Asteroid 1950 DA "looks like a good candidate to test the Yarkovsky Effect," he added. "We have a really long base line in time and we are able to predict its orbit over that time."
To use the Yarkovsky Effect to nudge 1950 DA off its course would require doing something on Earth to change the asteroid's surface temperatures.
"I think people will come up with all sorts of creative ideas about that," Spitale said. "For example, if we could cover the surface of the asteroid with one centimeter (half an inch) of dirt, that would plausibly be enough to change the Yarkovsky Effect quite a bit. Of course, that's a lot of dirt and it would probably require a couple of hundred rockets to get it all up there. It would be really expensive."
Another possible solution, Spitale said, would be to "paint" the asteroid's surface white. "That would make a big change to the way the object reflects sunlight. That might require a thickness of only one millimeter or so (less than a 20th of an inch) over the entire surface," he said.
A third solution might be the use of conventional explosives. One rocket might be enough to complete the job, and getting it there would certainly be possible using current space technology.
The last approach would be the cheapest solution, Spitale said. "Unfortunately, you would probably lose most of the debris to space," he said. "However, this approach might alter the character of the surface in some other useful way."

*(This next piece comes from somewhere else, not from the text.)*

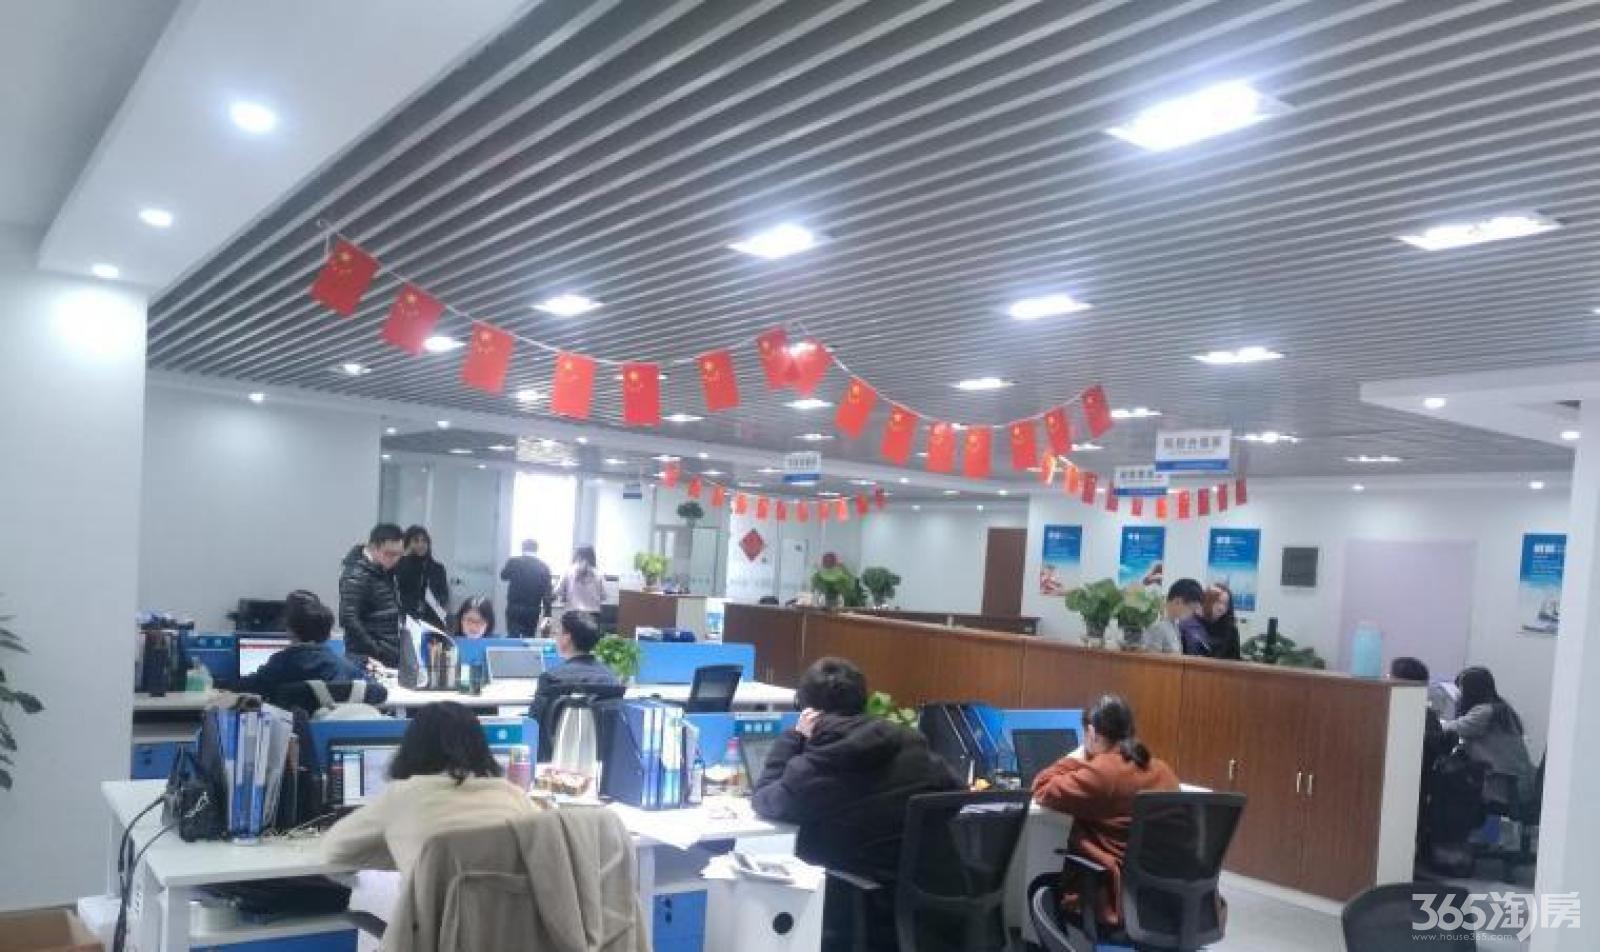 5a5a5a_河西万达广场中央商务区临近地铁口写字楼级别5a5a5a

How to push 1950 DA away from the Earthand whether it will ever be necessary to do so depends entirely on the exact physical nature of the asteroid, said Giorgini. "We won't know for sure whether this asteroid is on a collision course until we can determine which way its north pole is pointing."
Current calculations are based on all the possibilities, and the outcome of these scenarios, he noted, ranges from a zero to 0.33 percent probability that there will be a convergence in the orbits of Earth and the asteroid.
Host of Factors
This is the first time such a wide array of factors has been taken into account in predicting an asteroid's orbit, Giorgini said.
He and the other researchers looked at not only the asteroid but also factors such as the gravitational influence of other asteroids, the shape of the sun, and the effect of solar wind (the forces created by light and heat from the sun).
Until now, 1950 DA had been seen only twiceonce in 1950 and again on December 31, 2000. Although the asteroid orbits the sun once every 2.2 years, its orbit is close to that of Earth only about once in every 51 years.
The asteroid can be seen visually through telescopes as a moving point of light. Only through radar, however, can scientists determine the nature of its surface and how it spins.
Because the asteroid needs to be fairly close to Earth for radar to be effective, opportunities to study it with this technology are rare. Astronomers can use telescopes to observe the asteroid at greater distances before it fades from view.
The next time scientists will be able to use radar to study the asteroid will be in 2032. But Giorgini said astronomers will get an optical view of the asteroid in about five or six years, when there may be an opportunity to learn more about its physical aspects.
"We need to know how it spins, its mass, its exact shape, and the patterns of darkness and lightness on its surface," Giorgini said. "If we can't get this information from our telescopes, then the only way to do it will be to send a spacecraft to go and take a look at it."